Воспитание ангела. Сборник повести и рассказов
Сергей почувствовал, что голоден, проглотил, не жуя, котлету и выпил жидкого, пахнущего сеном чаю.
На следующий день в палате появились Ленка и Лёха.
Ленка сразу пощупала Сергею лоб, проверила пульс, позвала сестру и потребовала убрать с тумбочки недоеденный завтрак. Ребята рассказали, что всех вызывали в милицию, допрашивали как свидетелей. Нож, которым Трофимов ударил Сергея, нашли рядом с площадкой в кустах.
– Интересный такой ножичек, – сказал Лёха, – пружинный и, представляешь, с фашистской свастикой.
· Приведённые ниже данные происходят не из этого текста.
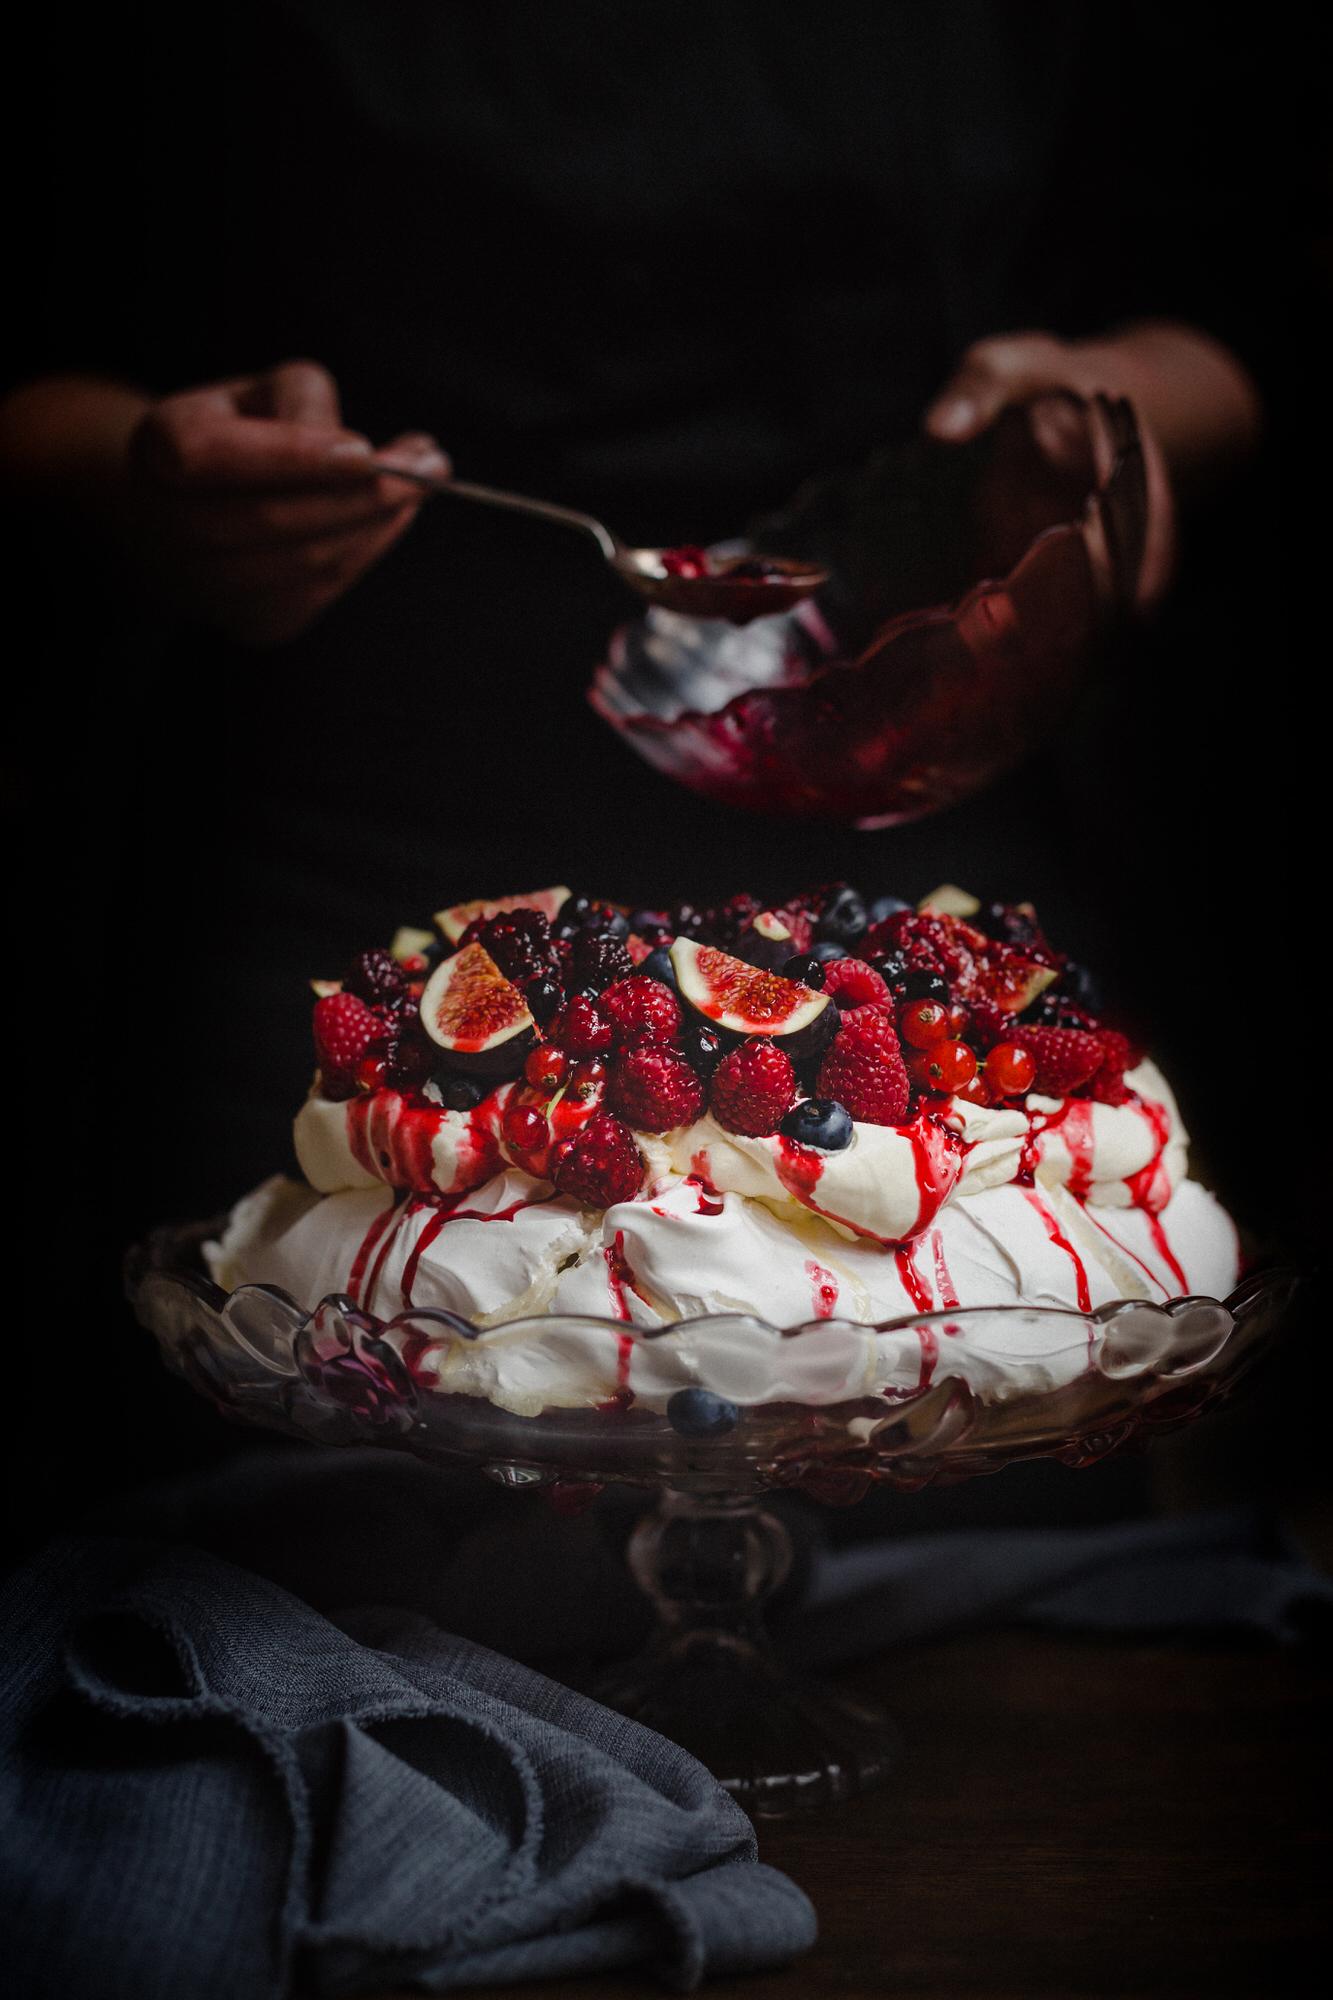 meringue-raspberry-blueberry-fruit-glasgow-catering-reagan-hallett.jpg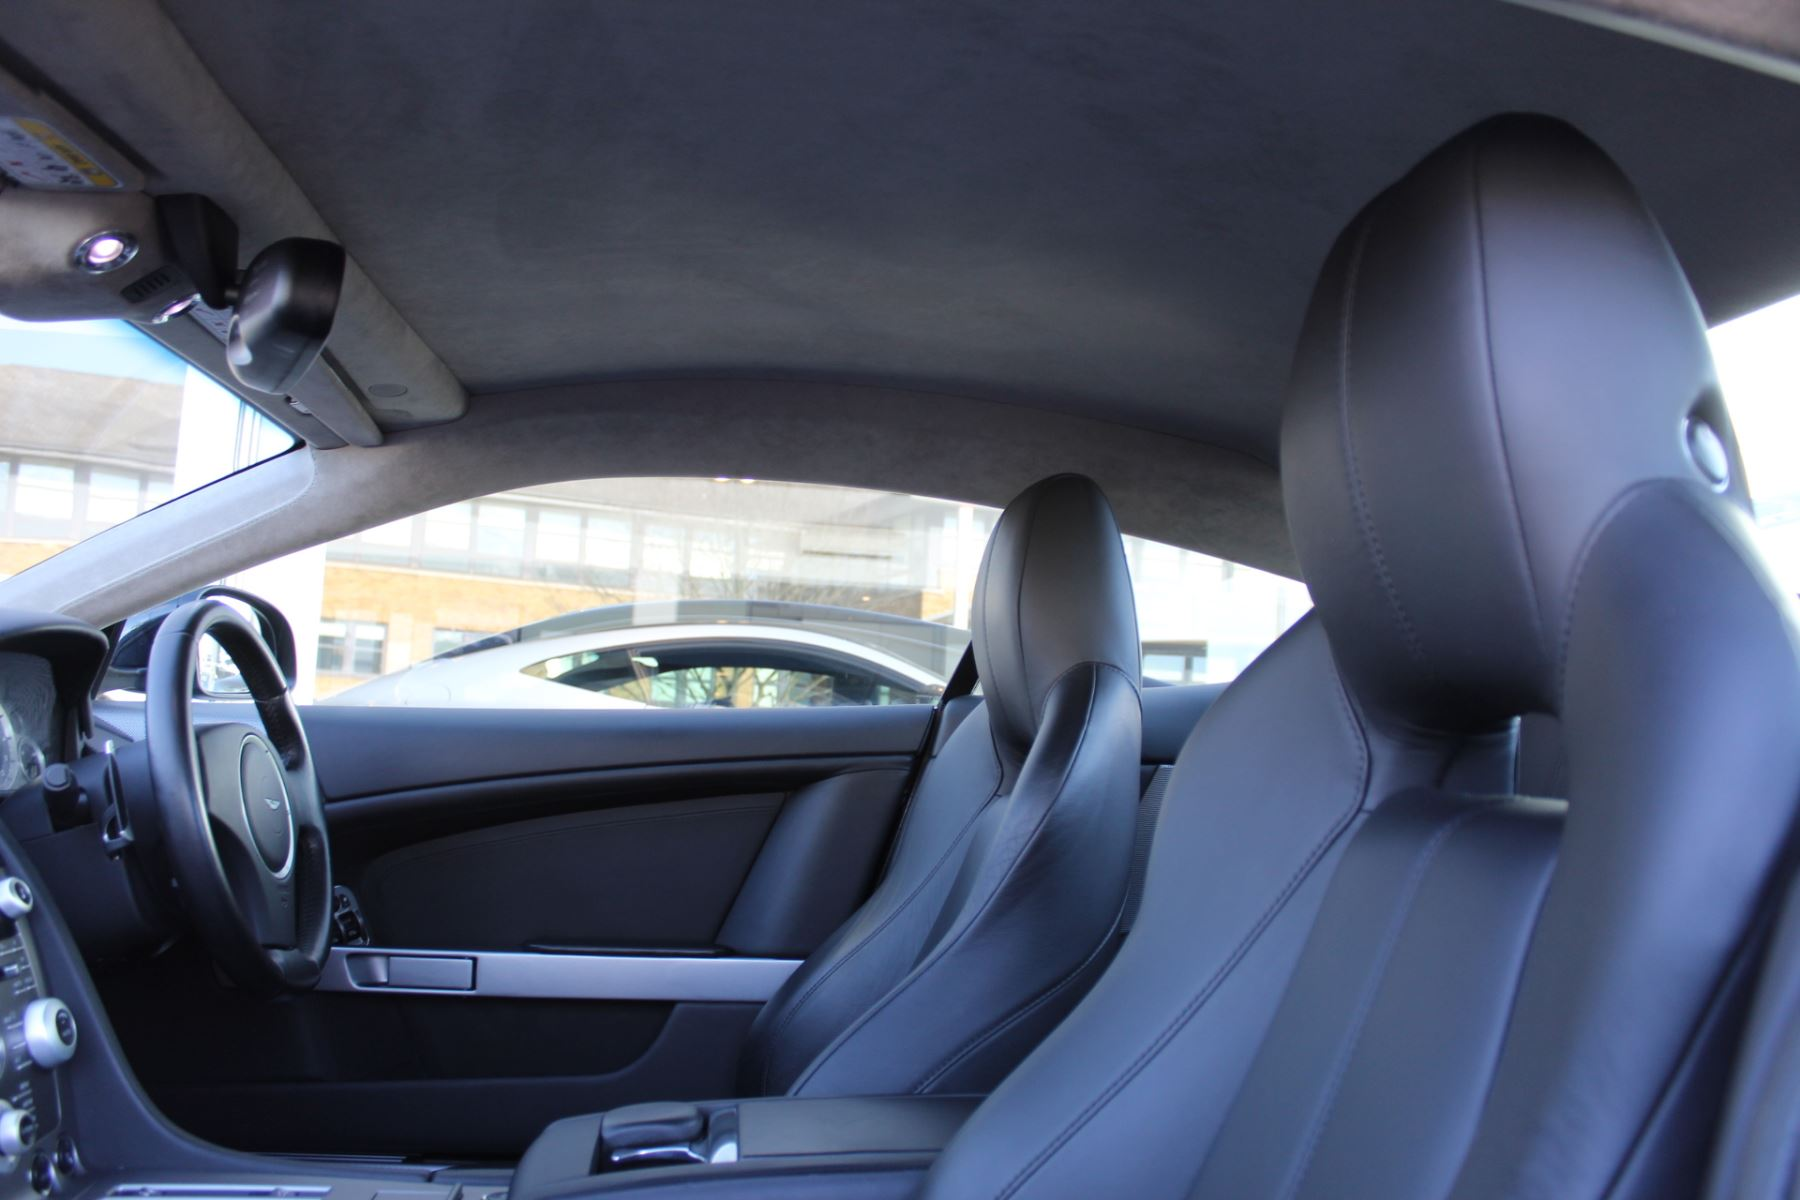 Aston Martin DB9 V12 2dr Touchtronic [470] image 11

А знаешь, Серый, ведь это я виноват. Ведь я его у Трофима видел, когда обыскивал, но он сказал, что это пенал для ручки. Я, дурак, и поверил.
– Ничего ты не виноват, – сказал Сергей, – он мне его тоже как-то показывал. Ещё купить предлагал. Я тогда тоже не разобрал, что это такое, пока он на кнопку не нажал.
– Ну, тогда лады, – обрадовался Лёха.
Ленка подробно рассказала, как на первом допросе следователь угрожал, что откроет уголовное дело по статье тяжкие телесные и сговор.
– Представляешь, – возмутилась она, – он нас за шайку принял!
Но потом все обвинения пали на Трофимова, особенно после того, как кто-то вспомнил, что он пришёл позже, а до этого сказал, что ему надо зачем-то домой.
– И что теперь, его посадят? – безразличным тоном спросил Сергей.
– Я бы посадил, и надолго, – мрачно сказал Лёха, – чтобы не гадил, не насиловал женщин и не портил коллектив.
– И я «за», – неожиданно горячо поддержала его Ленка. – Только не будет этого.
– А ты откуда знаешь?
– Фёдор Иванович вчера моей маме сказал, когда пришёл на обследование в поликлинику. У него от нас тахикардия развилась. В общем, родители Юрика наняли адвоката, а тот убедил всех, что он сам не знал, что у него в кармане лежит. И защищаясь, схватил, что первое под руку попалось, и ударил. А там кнопка потайная, – Сергей, ты же сам говоришь, – ну, лезвие и выскочило.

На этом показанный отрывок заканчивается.